When fertilizer is used, one additional liter of water increases predicted plant height by 7 centimeters. The water coefficient is 4, and the interaction adds 3 more when fertilizer = 1, so 4 + 3 = 7. - 11
A table shows predictions from a regression model with an interaction between exercise hours and diet plan. The predicted weight loss is 2 pounds for 0 exercise hours with no diet plan, 5 pounds for 1 exercise hour with no diet plan, 4 pounds for 0 exercise hours with the diet plan, and 9 pounds for 1 exercise hour with the diet plan. Does the effect of exercise appear to be the same for both diet groups? Explain.
Find the change from 0 to 1 exercise hour separately for each diet group.

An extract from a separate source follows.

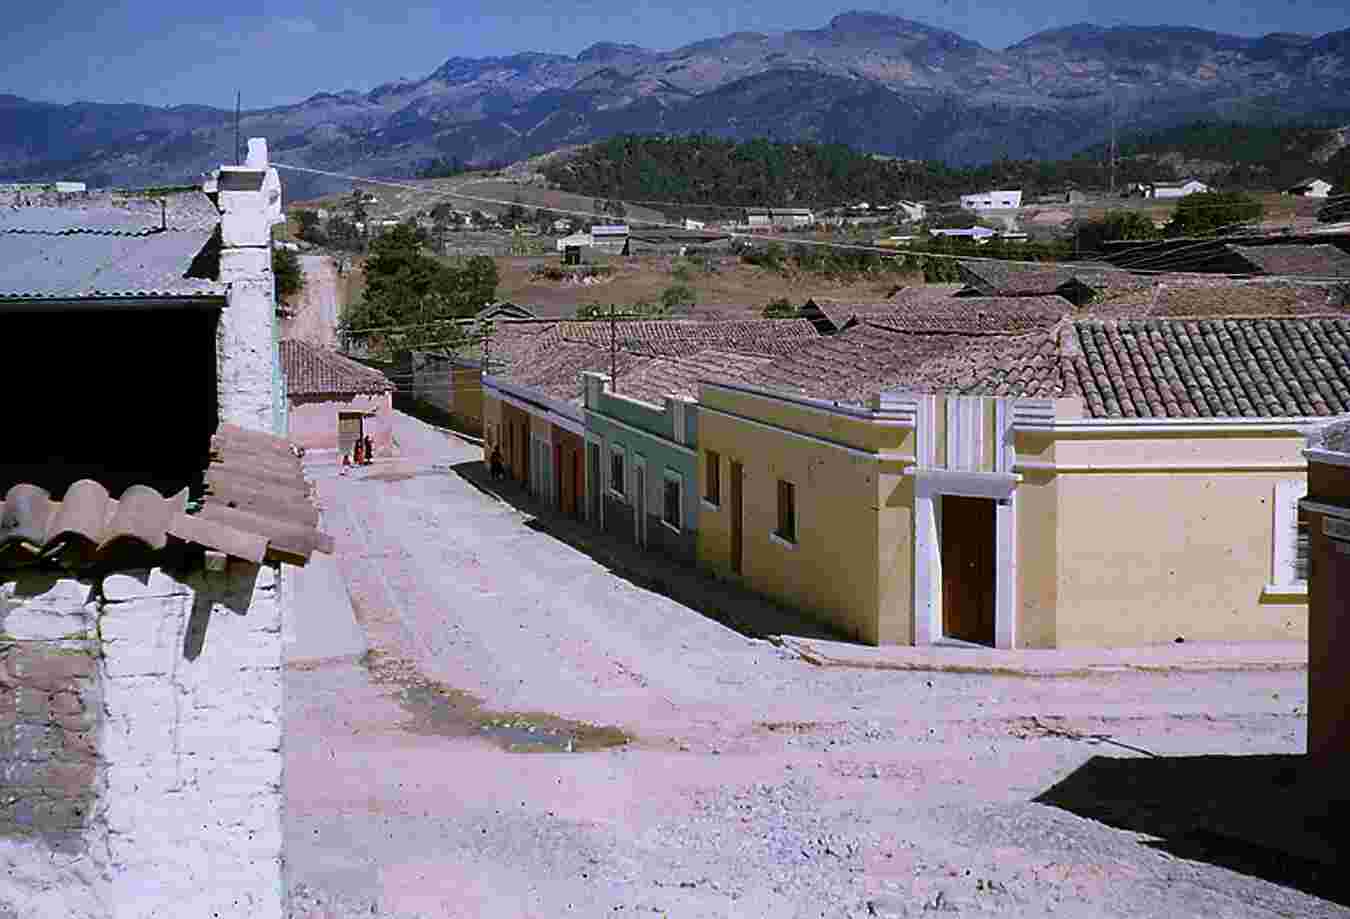 Figure 1.9. Huehuetenango. The yellow house on the corner (with a door and two windows) was my home and project headquarters, shared with Francisco Santizo Andrés. In the background, the Cuchumatán Mountains. Photo by the author.

The effect of exercise is not the same for both diet groups. With no diet plan, going from 0 to 1 exercise hour increases predicted weight loss by 3 pounds, from 2 to 5. With the diet plan, it increases predicted weight loss by 5 pounds, from 4 to 9. This difference suggests an interaction. - 12
A scatterplot shows that income and years of education are both positively related to spending on books. A multiple regression model includes both predictors. Why might the coefficient for education be different in the multiple regression model than in a simple regression model using education alone?
Think about how two predictors can overlap in what they explain.
The coefficient for education may be different because multiple regression separates the effect of education from the effect of income. If education and income are related to each other, a simple regression using only education may mix together the effects of both variables.